GH-50186: [C++][Gandiva] REPLACE throws "Buffer overflow for output string" for results larger than 64 KB by lriggs · Pull Request #50187 · apache/arrow

lriggs · 2026-06-16T01:32:50Z

Rationale for this change

Gandiva's REPLACE hardcodes a 65535-byte output buffer, throwing Buffer overflow for output string whenever the result exceeds 64 KB. The cap is arbitrary: Gandiva's variable-length output column already grows dynamically and is only bounded by the int32 offset width (~2 GB). Real queries that replace into large concatenated/aggregated strings fail unnecessarily.

What changes are included in this PR

replace_utf8_utf8_utf8 now sizes the output buffer to the exact result instead of using a fixed cap. The output length of a replace is deterministic:

out_len = text_len + num_matches * (to_str_len - from_str_len)
The wrapper does a single counting pass over the input to find the number of non-overlapping matches of from_str (mirroring the match loop already used in the implementation), computes the exact size in gdv_int64 to avoid intermediate overflow, and passes that as max_length.

The internal replace_with_max_len_utf8_utf8_utf8 is unchanged — its bounds checks now act purely as a correctness backstop (they should never fire with an exact bound), and its explicit-max-length signature remains for the existing unit tests.
When to is shorter than from, the result shrinks and max_length <= text_len, so the shrinking path is sized correctly too.

Are these changes tested?

Yes.
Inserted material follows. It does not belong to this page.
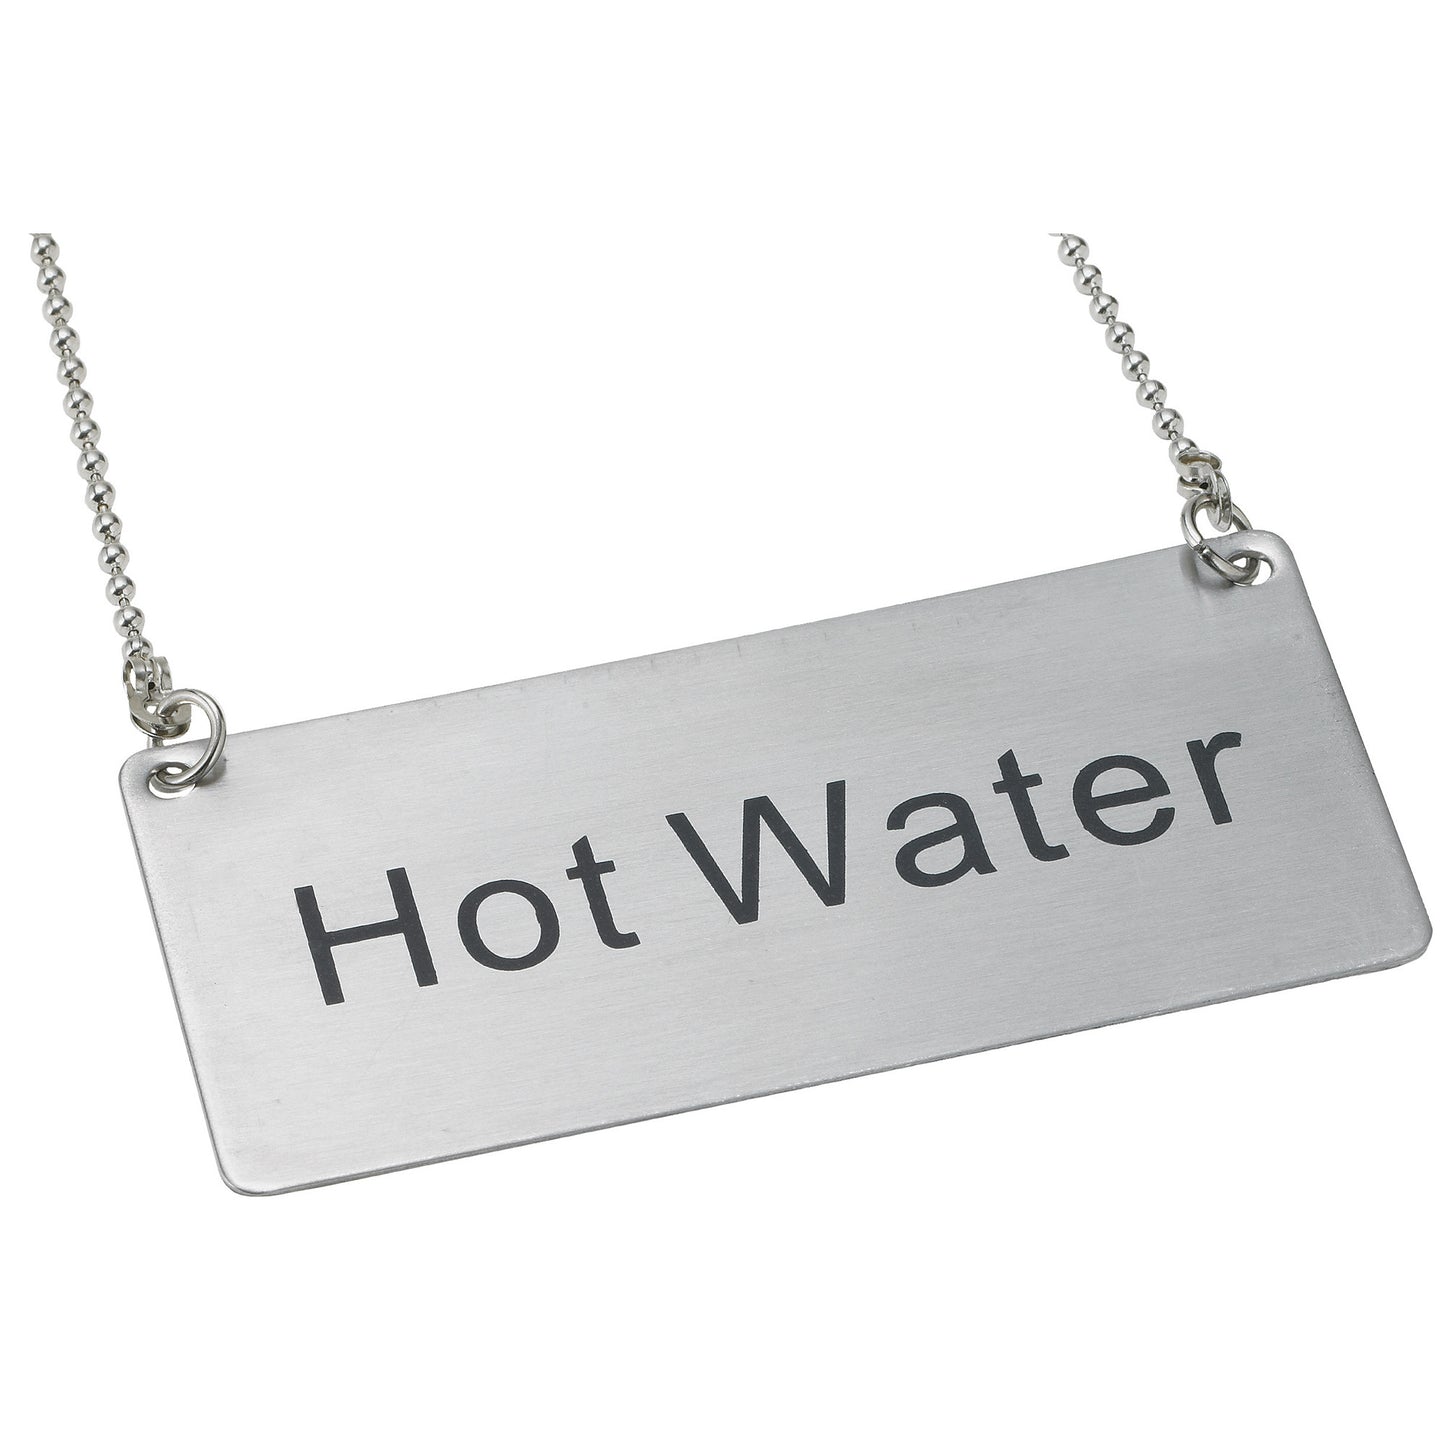 SGN-204 - Chain Sign, Stainless Steel - Hot Water

Added regression cases to TestStringOps.TestReplace in string_ops_test.cc:

A 35000-char 'X' input with X → XY, producing a 70000-byte result (previously overflowed at 65535) — asserts no error and exact length/content.
A 70000-char shrinking case (XX → X) to cover the shrink path on a >64 KB input.
Full precompiled suite passes locally (132/132), including the existing explicit-max_len overflow tests, which call the internal function directly and are unaffected.

Are there any user-facing changes?

REPLACE now succeeds on results larger than 64 KB instead of erroring. No API or signature changes.

GitHub Issue: [C++][Gandiva] REPLACE throws "Buffer overflow for output string" for results larger than 64 KB #50186

github-actions · 2026-06-16T01:33:16Z

⚠️ GitHub issue #50186 has been automatically assigned in GitHub to PR creator.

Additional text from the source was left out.